Madeleine Duncan Brown

Madeleine Duncan Brown (July 5, 1925 – June 22, 2002) was born Madeleine Frances Duncan in Dallas, Texas. She was a businesswoman who worked for Glenn Advertising in Dallas. She is noted for her claim to have been the mistress of U.S. President Lyndon Johnson and for implicating Johnson in a conspiracy to kill President John F. Kennedy. Brown said that she met Johnson in 1948, following the death of her husband James Glynn Brown. She went public with the claim of a relationship with Johnson in 1997 — a relationship that was considered "an open secret" in Texas. She also said that her son, Steven Mark Brown, was fathered by Johnson. Steven Brown was born December 27, 1950, and died September 28, 1990. On June 1, 1987 Steven Brown filed a $10.5 million lawsuit against the former president's widow, Lady Bird claiming, "My legal birthrights have been violated and a conspiracy was formed to deprive me of my legal heir-ship." Steven Brown died before the case could be settled.

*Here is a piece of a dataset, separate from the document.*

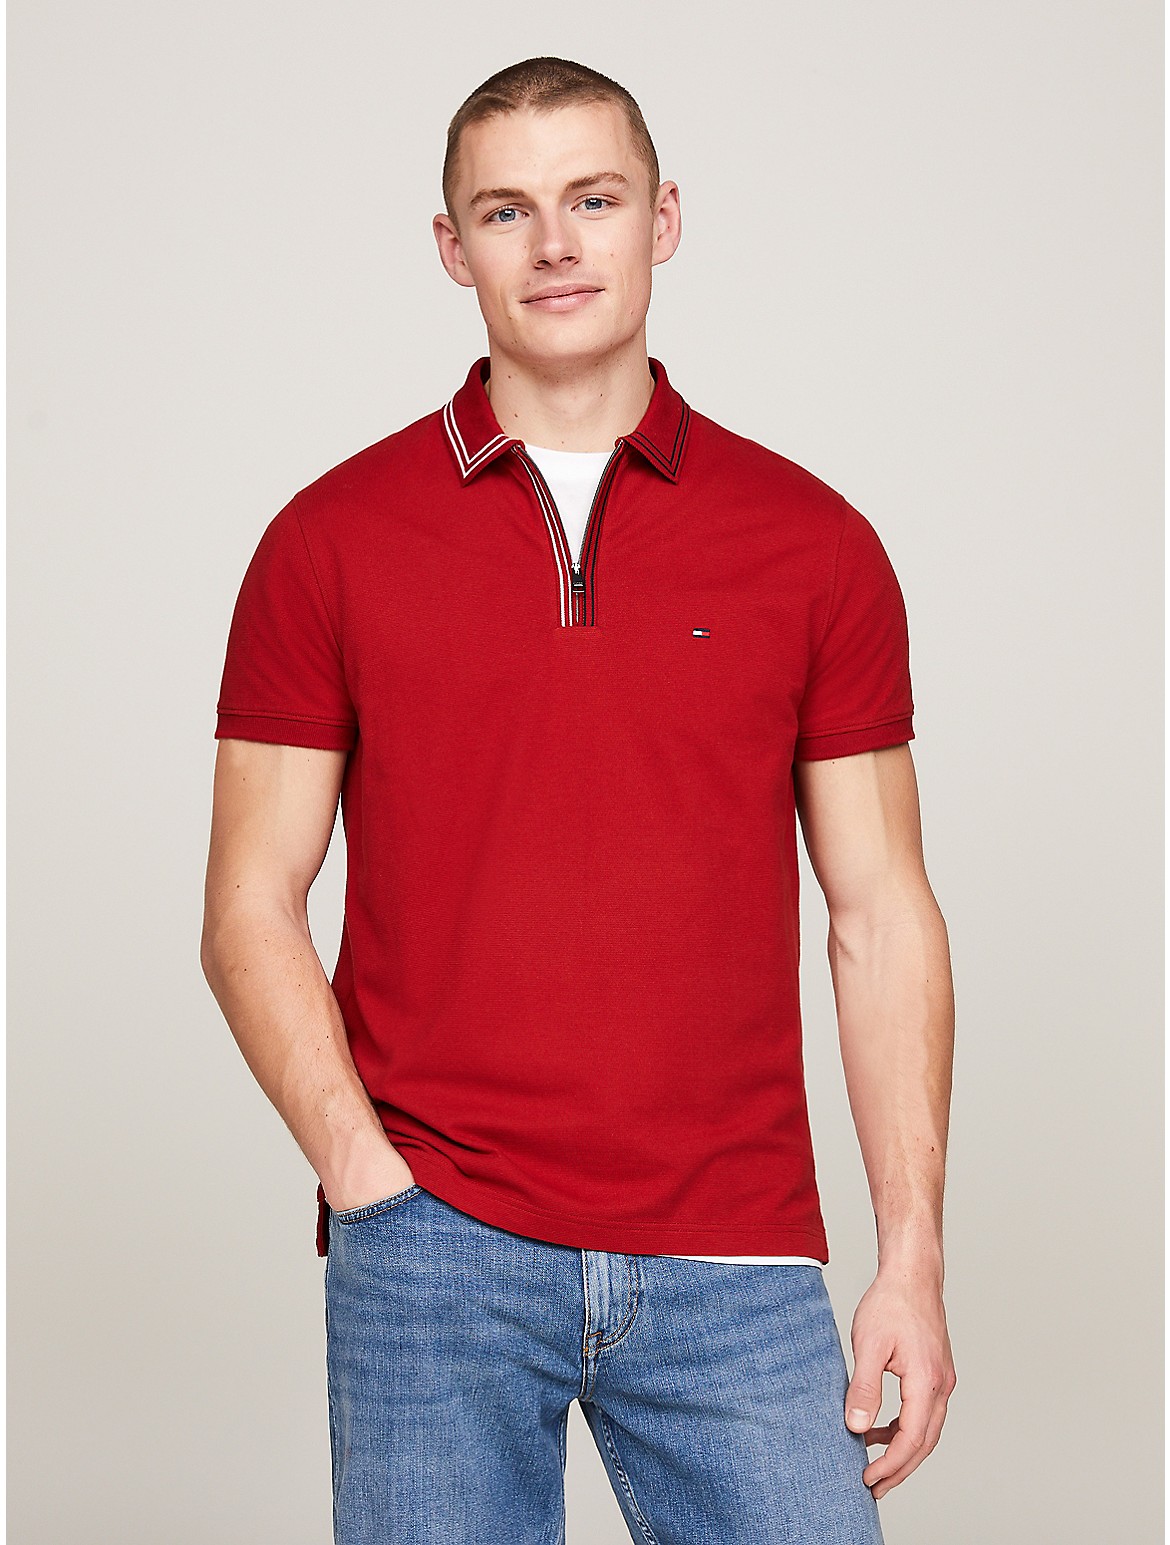 Tommy Hilfiger Men's Regular Fit Tipped Zip Polo

In the documentary The Men Who Killed Kennedy, Madeleine Brown and May Newman (an employee of Texas oilman Clint Murchison) both placed FBI director J. Edgar Hoover at a social gathering at Murchison's mansion on November 21, 1963 — the night before the assassination of President Kennedy. Also in attendance, according to Brown, were John McCloy, Richard Nixon, George Brown, R. L. Thornton, and H. L. Hunt. At the end of the evening, the sitting Vice President of the United States Lyndon Johnson arrived at the gathering. Brown gave this account:

Tension filled the room upon arrival. The group immediately went behind closed doors. A short time later Lyndon, anxious and red-faced, reappeared. I knew how secretly Lyndon operated. Therefore I said nothing ... not even that I was happy to see him. Squeezing my hand so hard, it felt crushed from the pressure, he spoke with a grating whisper, a quiet growl, into my ear, not a love message, but one I'll always remember: "After tomorrow those goddamn Kennedys will never embarrass me again — that's no threat — that's a promise."

Brown also claimed to have seen Lee Harvey Oswald with Jack Ruby in the latter's Carousel Club prior to the assassination. In addition, Brown said that on New Year's Eve 1963, Johnson confirmed the conspiracy to kill Kennedy, insisting that "Texas oil and those fucking renegade intelligence bastards in Washington" had been responsible. Brown said that the plan to kill the President had its origins in the 1960 Democratic Convention, at which John F. Kennedy was nominated presidential candidate with Johnson as his running mate, where H.L. Hunt, an American oil tycoon, and Lyndon Johnson began to hatch the assassination plot:

When they met in California Joe Kennedy, John Kennedy's father, and H.L. Hunt met three days prior to the election — they finally cut a deal according to John Currington (an aide to H.L. Hunt) and H.L. finally agreed that Lyndon would go as the vice president ... this came from the horse's mouth way back in 1960 — when H.L. came back to Dallas I was walking ... with him ... and he made the remark, "We may have lost a battle but we're going to win a war," and then the day of the assassination he said, "Well, we won the war."

Madeleine Brown died on June 22, 2002. Social Security records show the spelling of her name as Madeline F. Brown, and that she died in Dallas, Dallas County, Texas.